The complexity of e-health programs lies as much in engaging stakeholders as it does with developing the technology itself, according to a senior manager in eHealth NSW’s electronic record for intensive care (eRIC) program.
The eRIC project aims to implement a statewide clinical information system designed to drive better patient outcomes in the intensive care units (ICUs) of NSW hospitals.
The system will eventually be hosted out of the NSW government’s GovDC data centre, and provide services to around 800 beds in 40 ICUs across the state.
Building the system has been a Herculean task that has involved implementing around 500 business and technical requirements, including things like medication management and decision support modules.
“We’ll be integrating with most of the hospital systems, in particular the patient administration system, radiology laboratory, electronic medical records, and so on,” eRIC program clinical and strategic advisor Angela Ryan told the CeBIT conference earlier this week.
“There’s also a large number of medical devices that support a patient when they’re inside intensive care. All of those will also be interlinked.
“And in addition to that, we’re developing a state-based solution around reporting, so there’s tools for benchmarking and operational reports. That suite of reports has already been built.”
While eHealth NSW is keen to create a system that has been “developed by clinicians for clinicians”, engaging with busy health professionals can pose challenges.

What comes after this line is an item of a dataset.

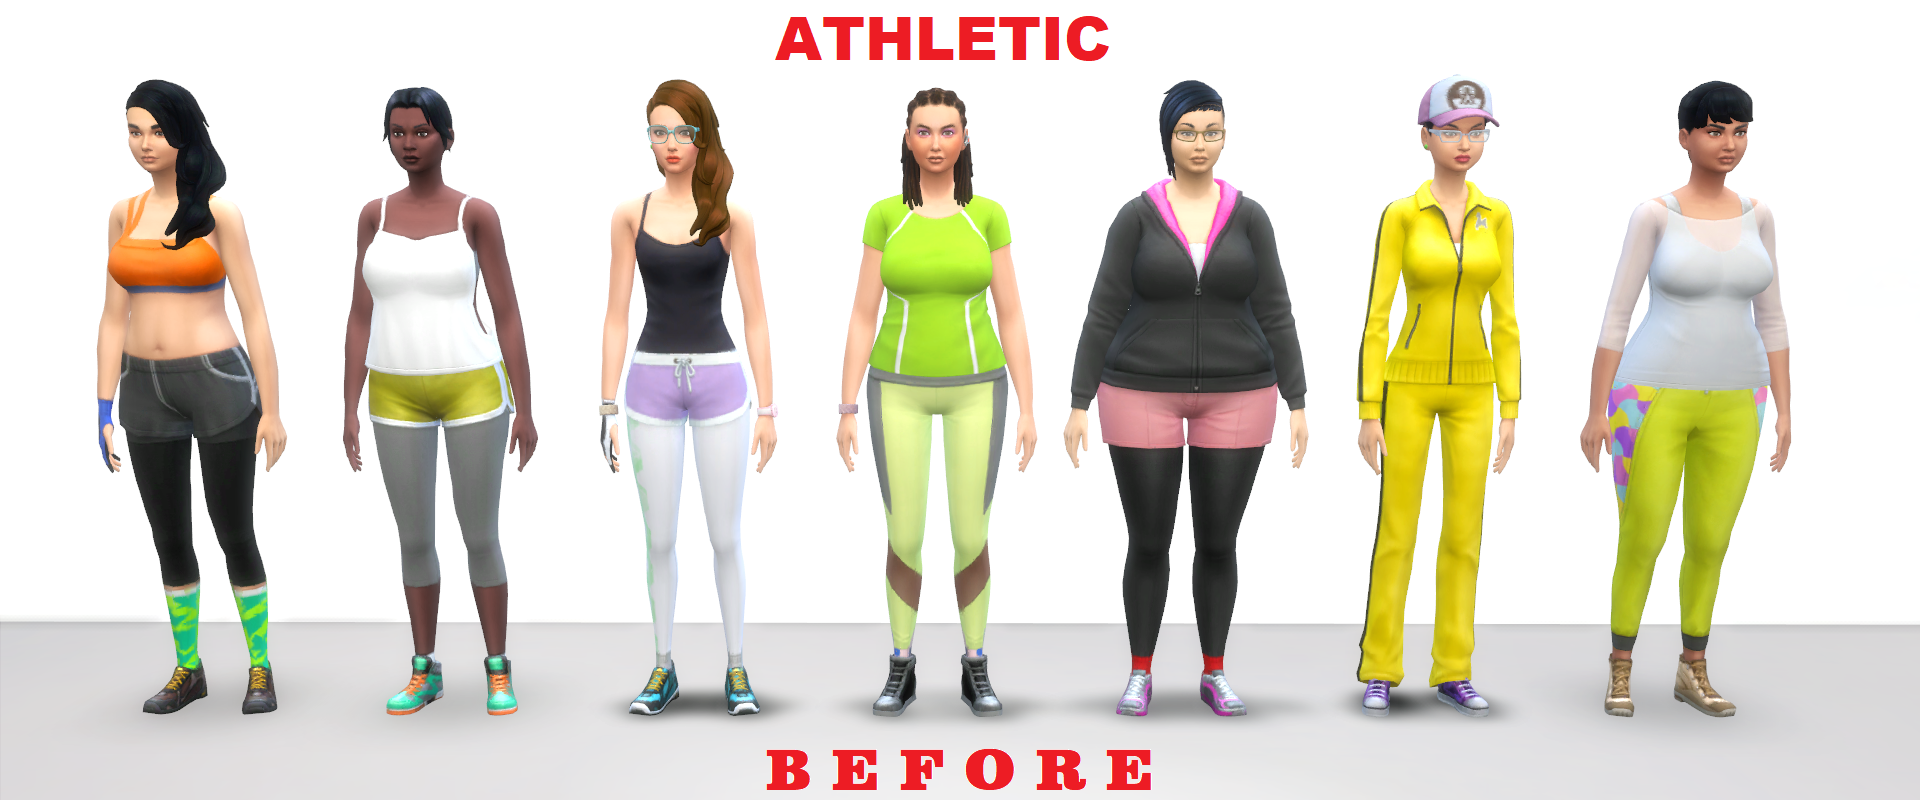 Athletic1.png.a5ce67982efda32a4b3a7055172ce4f7.png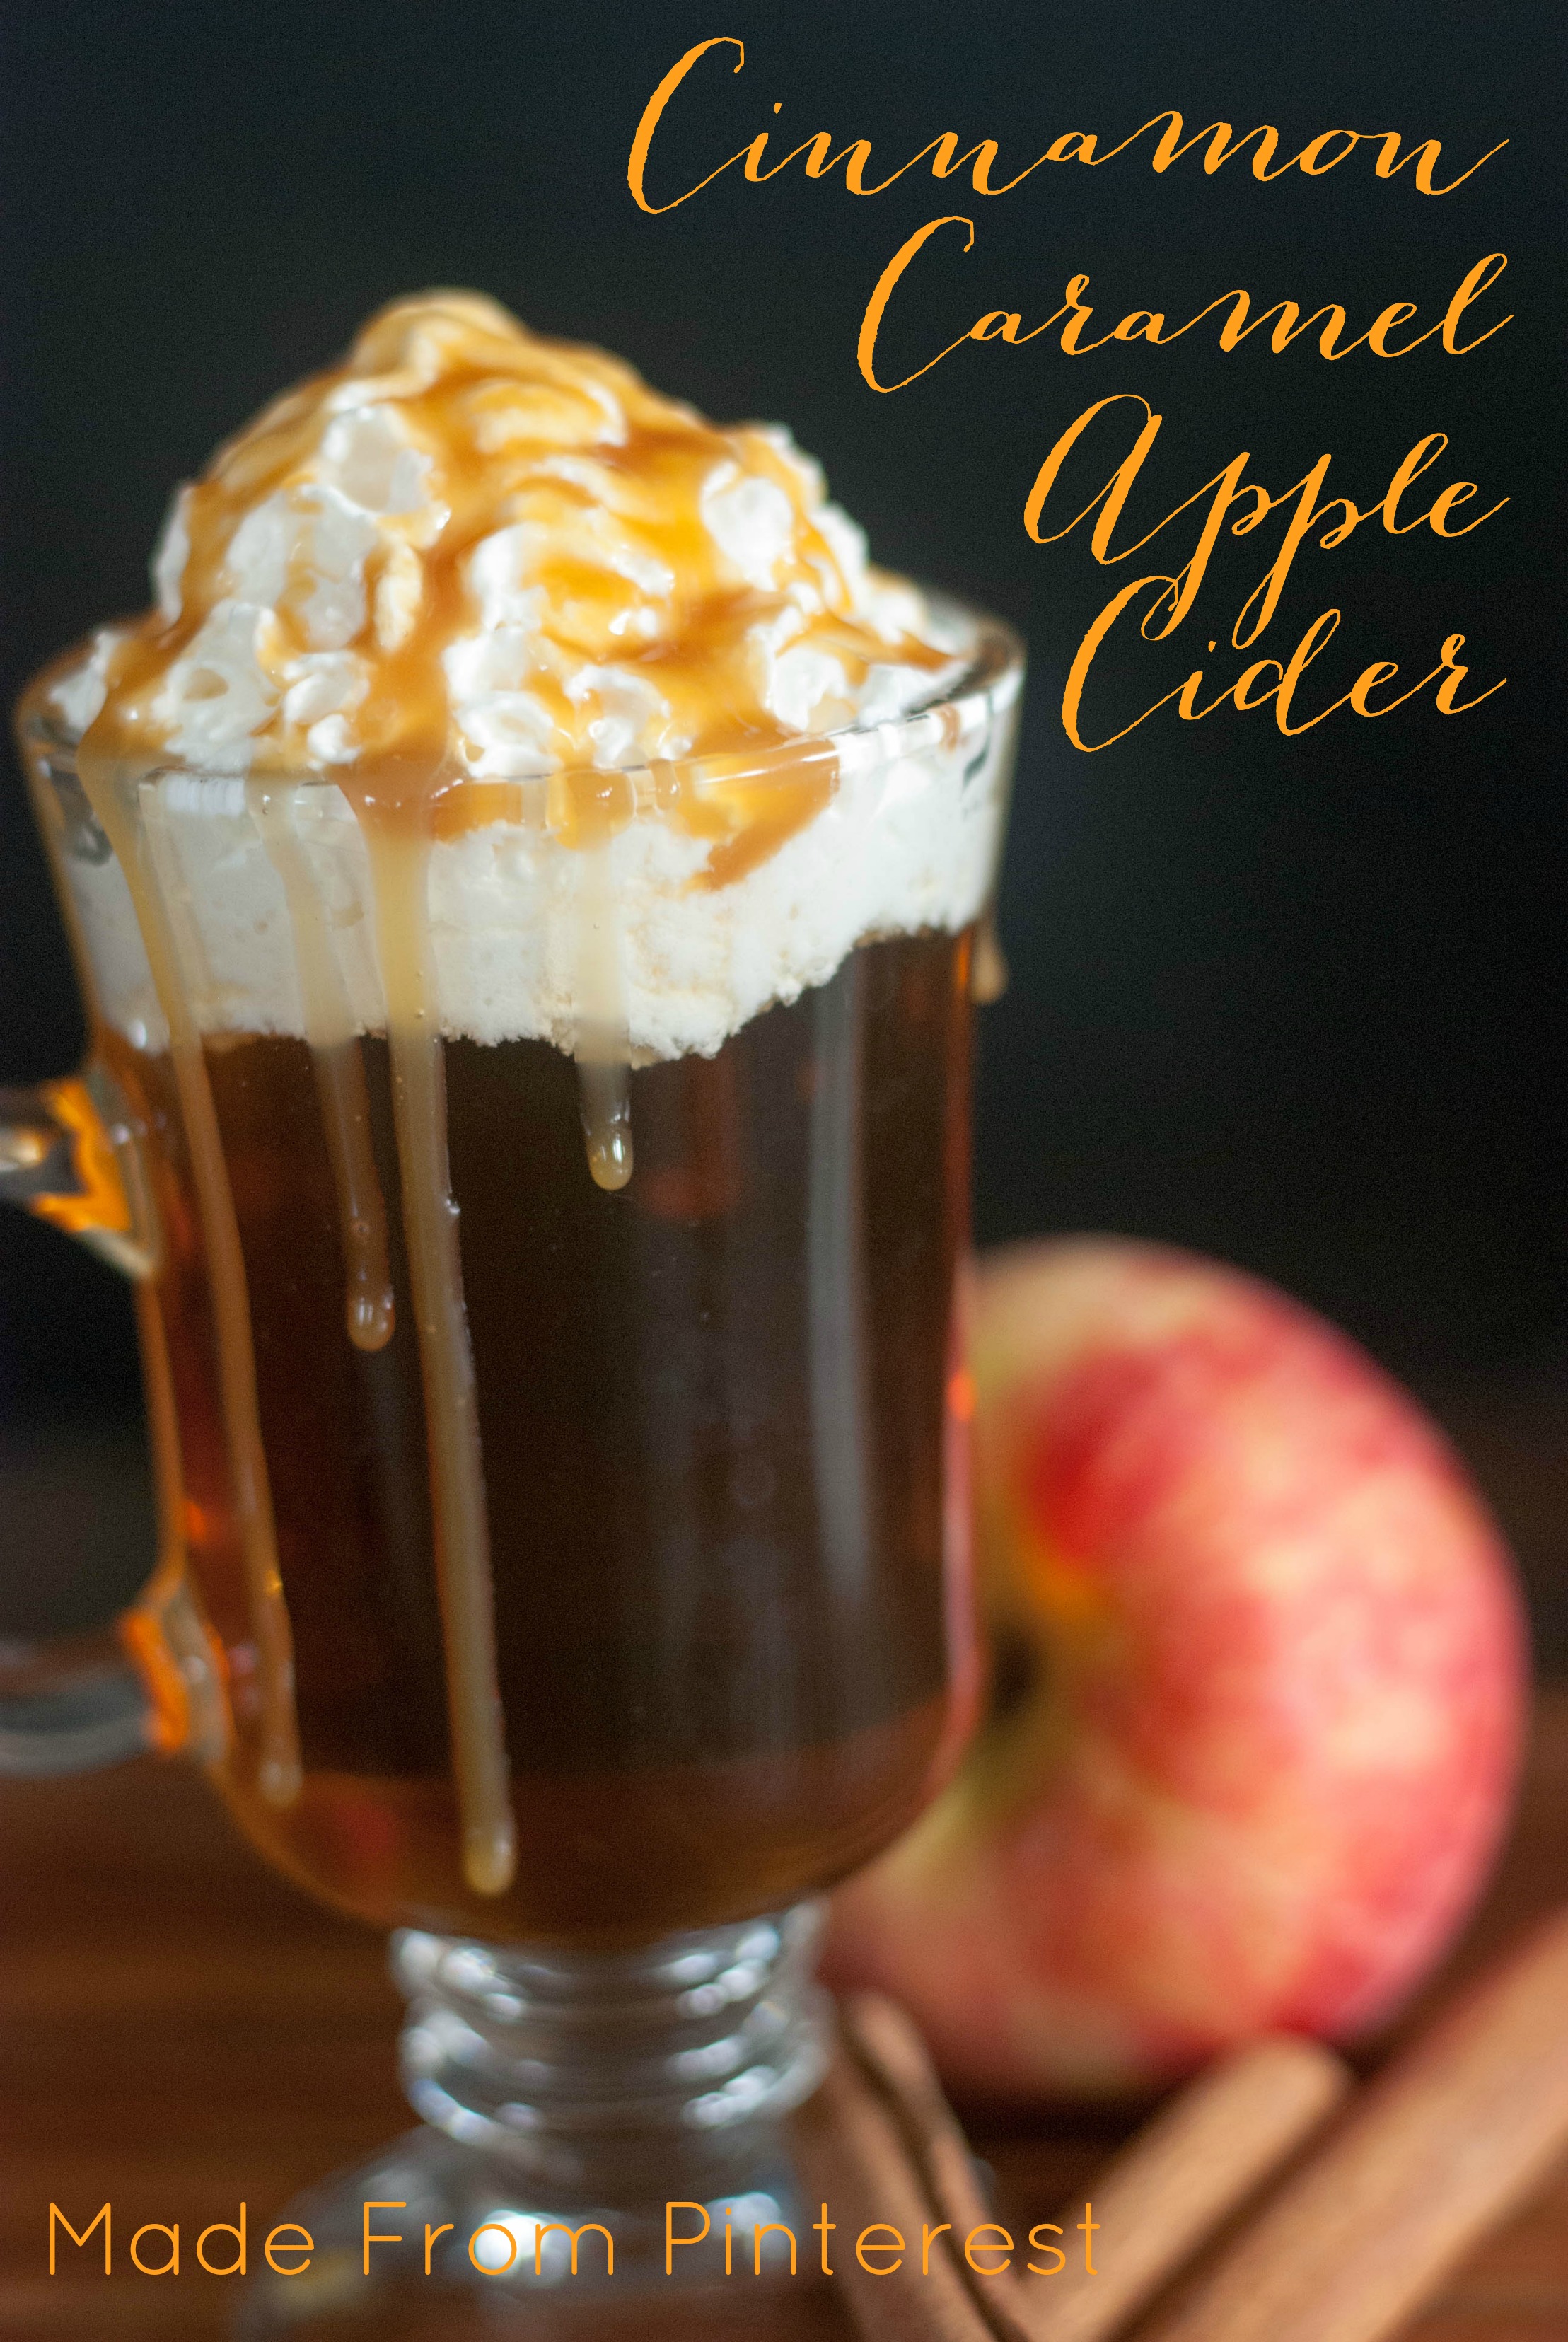 http://www.madefrompinterest.net/wp-content/uploads/2014/12/Recipe-for-Hot-Apple-Cider-that-tastes-like-a-Cinnamony-Caramel-Apple.-You-wont-believe-this.jpg

“Clinicians are obviously very, very keen to be involved, but they’re also very busy people… They have limited time to provide to us, so we have to be creative in the way we engage with them and in the way we use their time,” Ryan said.
To compensate for this, eHealth NSW used things like working groups throughout the project to get clinicians on board.
“The working group and the subject matter expert groups are really driving the decisions, discussion and making recommendations to the operational [management] group and steering committee, who represent our local health districts and other partners," Ryan said.
“[There are subject matter expert groups covering] pharmacy, paediatric, neonatal, research and reporting. So there’s something for every particular problem we’ve come up against."
It also brought clinicians in on the vendor evaluation process, with the medical professionals making up around 75 percent of its evaluation panel.
“Most of the clinicians involved in that had also been involved in the development of the business case, so there was a lot of passion and ownership around what was being evaluated and procured,” Ryan said.
Once the build phase got underway, regular workshops were held with clinicians both face-to-face and over video conferencing.
“We herded a large number of clinicians to a large number of workshops, and that’s continued throughout the course of the build. We had around 200 clinicians attending over a two-week period,” Ryan said.
“The build team – who are also half clinicians – would demonstrate what they had built over the course of the week, and then people would have to opportunity to interact with what was presented.”
A sandbox environment was also deployed to allow clinicians to test the usability of the new platform.
“That gives them the opportunity to influence the look and feel of the application, and then they can apply their real-life scenarios and test them in that context," Ryan said.
Bringing in other stakeholders
While the project has always had a heavy emphasis on clinical engagement, during the later phases that engagement was extended to a larger number stakeholders outside the ICU.
“In our early phases, we were single-minded and the view was focused inside the ICU, but as we are heading closer to deployment, we’ve broadened that thinking and started to engage a lot more with our non-ICU partners,” Ryan said.
“Particularly given the number of interfaces the system will be communicating with, and not just from a system point of view but also a clinical point of view.”
An example of where this was necessary was with clinical handovers, where a patient is moved into or out of an ICU ward.
“Clinical handover is well-known an area of concern, there’s a lot of research into the risks associated with patients as they’re moving in and out of different environments within a hospital. And it can present particular risk coming in or out of ICU,” Ryan said.
“We’re trying to mature our approach, and by setting up [a] committee looking at those clinical risks, we’re not just focusing on ICU.”